Original Article

Complex Distal Humerus Fractures—Comparison of Polyaxial Locking and Nonlocking Screw Configurations—A Preliminary Biomechanical Study

Hungerer, Sven MD^*; Wipf, Felix MSc^‡; von Oldenburg, Geert MSc^‡; Augat, Peter PhD^*; Penzkofer, Rainer PhD^*

^*Institute of Biomechanics, Trauma Center Murnau, Murnau, Germany and Paracelsus Medical University, Salzburg, Austria; and

^‡Stryker Osteosynthesis, Biomechanics Groups, Schönkirchen, Germany and Selzach, Switzerland.

Reprints: Sven Hungerer, MD, Institute of Biomechanics, Trauma Center Murnau, Küntscher Strasse 8, 82418 Murnau, Germany (e-mail: [email protected]).

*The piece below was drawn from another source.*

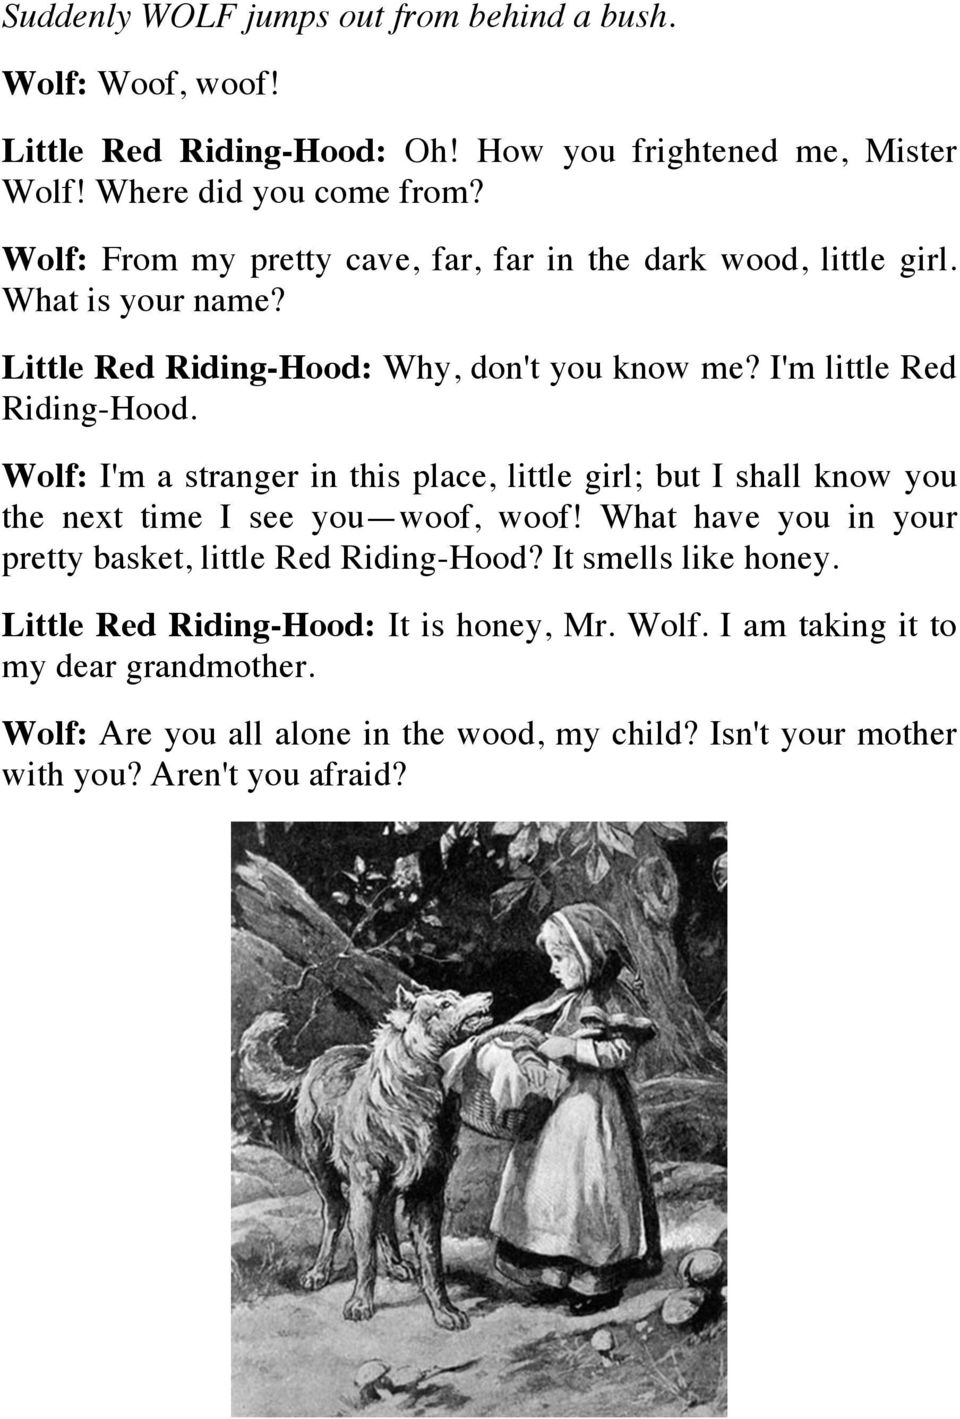 Wolf: I'm a stranger in this place, little girl; but I shall know you the next time I see you woof, woof! What have you in your pretty basket, little Red Riding-Hood?

F. Wipf is an employee of Stryker Osteosynthesis, Switzerland, and G. von Oldenburg is an employee of Stryker Osteosynthesis, Germany, and both receive regular salary. P. Augat receives or has received research support and consultant honorariums from the following companies: Stryker Osteosynthesis, Smith & Nephew, Aesculap, and Arthrex. The Institute of Biomechanics, Murnau, received financial funding for the implants and research work from Stryker Osteosynthesis, Germany, for the study. For the remaining authors, no conflicts of interest were declared.

Accepted May 22, 2013

Journal of Orthopaedic Trauma 28(3):p 130-136, March 2014. | DOI: 10.1097/BOT.0b013e31829d19a4

Abstract

Objective:

The investigation hypothesized that in current anatomical precontoured plates, angular stability plays only a minor role for the efficacy of the osteosynthesis at the distal humerus.

Methods:

An AO C2.3 fracture model was simulated and osteosynthesis performed with plates positioned in parallel. System rigidity and median fatigue limit were analyzed in artificial bones and the cycles to failure in cadaver specimens. Loads were applied in anterior–posterior direction (75° flexion) and axial direction (5° flexion). Four composite bone groups were investigated as follows: (1) 2.7 mm polyaxial locking screws, (2) 3.5 mm polyaxial locking screws, (3) 3.5 mm polyaxial locking screws and a gap bridging screw, and (4) 2.7 mm nonlocking screws. Two cadaver groups were investigated with 3.5 mm diameter polyaxial locking (5) versus nonlocking screws (6).

Results:

There were no differences in stiffness found between the locking versus nonlocking constructs in artificial (1) versus (4) and in cadaver bones (5) versus (6). The larger screw diameter of 3.5 mm in combination with a gap bridging screw significantly increased construct stiffness by 25% (3). The median fatigue limit was significantly increased using larger screw diameters (2) and a gap bridging screw (3). In cadaver bones, the polyaxial locking screws constructs (5) resisted higher peak loads and more cycles until failure compared with nonlocking constructs (6).

Conclusions:

System stiffness increases with larger screw diameters and becomes significant with additional gap bridging screws in artificial bones. The use of polyaxial locking screws in anatomical adapted plates becomes more important in poor bone quality.